Alexander Gabuev
“The one thing you never want to happen is you never want Russia and China uniting. I’m going to have to un-unite them, and I think I can do that,” Donald Trump boasted in an interview with the political commentator Tucker Carlson in October. On the campaign trail, the president-elect said repeatedly that he would stop the war in Ukraine “in 24 hours” and that he would be much tougher on China than President Joe Biden has been.
Trump has never articulated exactly what his plan to “un-unite” these two countries is, and based on his record, he might simply devise one on the fly.

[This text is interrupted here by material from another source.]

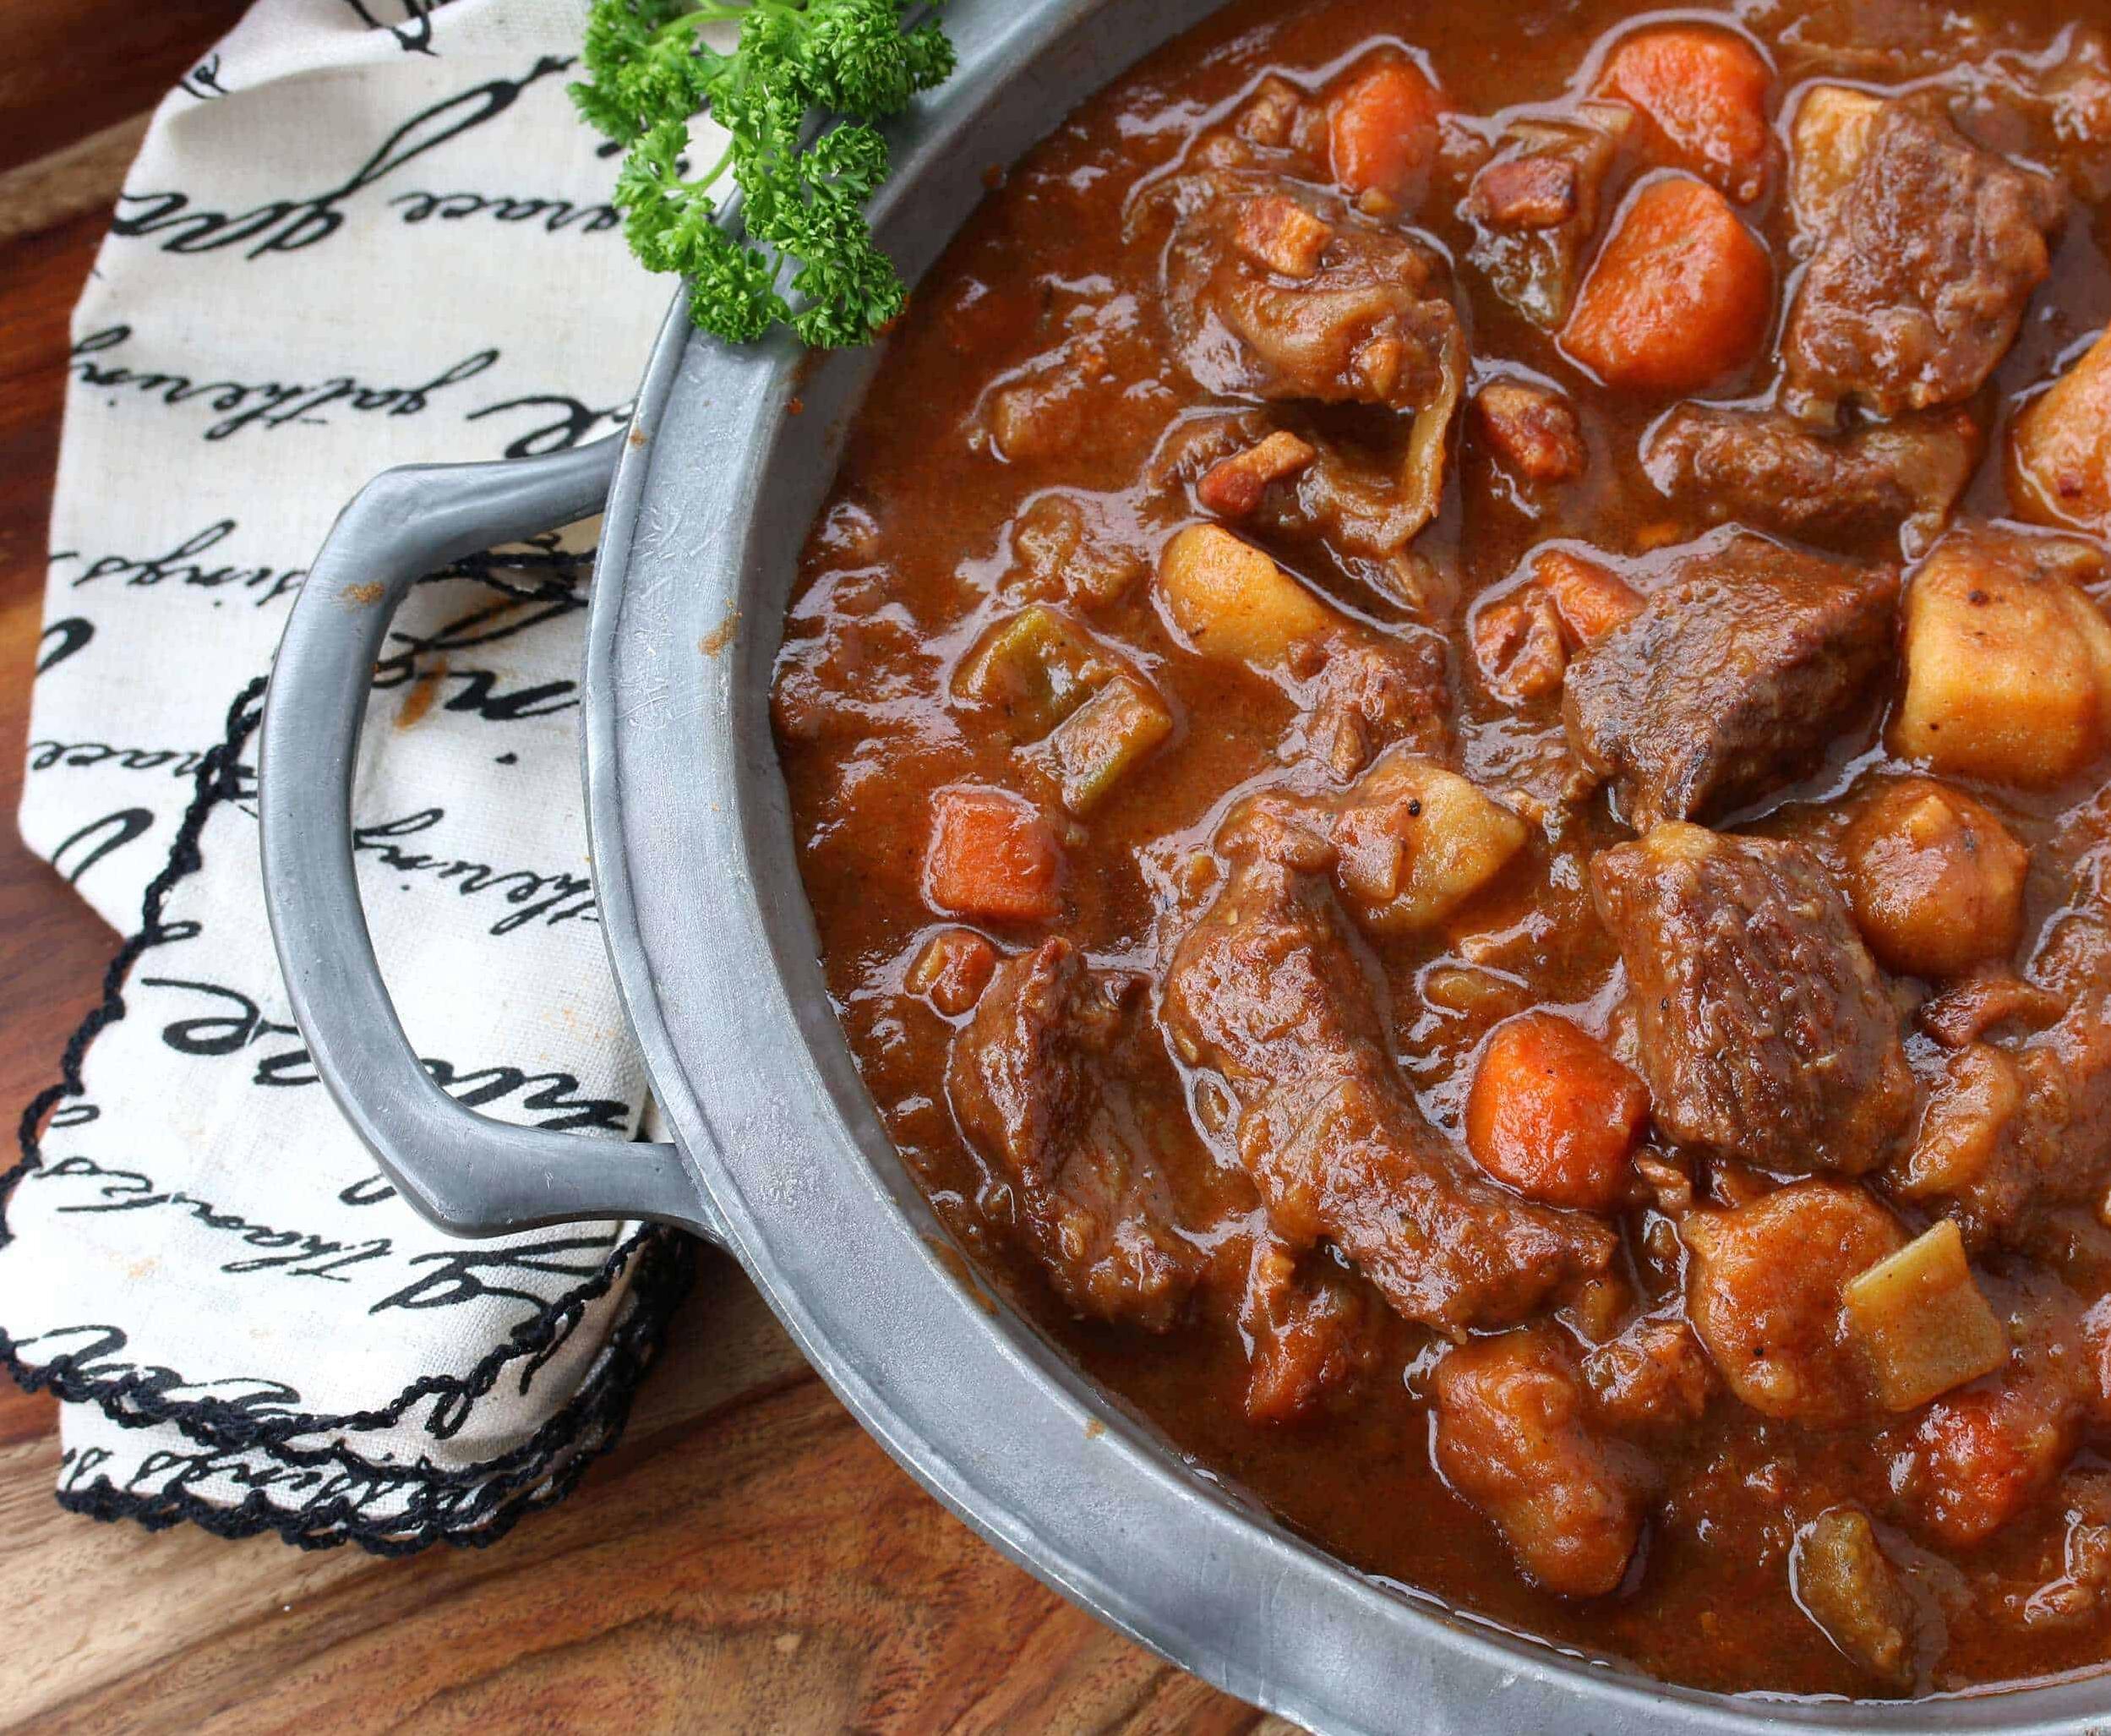  This stew is even better the day after, as the flavors continue to meld

But early indications suggest that the coming administration might seek to damage the Chinese-Russian partnership by reducing tensions (and even improving ties) with Moscow in order to put pressure on Beijing—something like the reverse of what Secretary of State Henry Kissinger orchestrated more than 50 years ago, when the United States pursued détente with China to exploit the Sino-Soviet split.
This school of thought seems to be popular with many people in the Trump universe, including those who have been nominated to his national security team. Michael Waltz, for example, a member of Congress whom Trump has tapped to serve as his national security adviser, advocated in The Economist for the United States to help wind down the war in Ukraine as soon as possible and then divert resources to “countering the greater threat from the Chinese Communist Party.”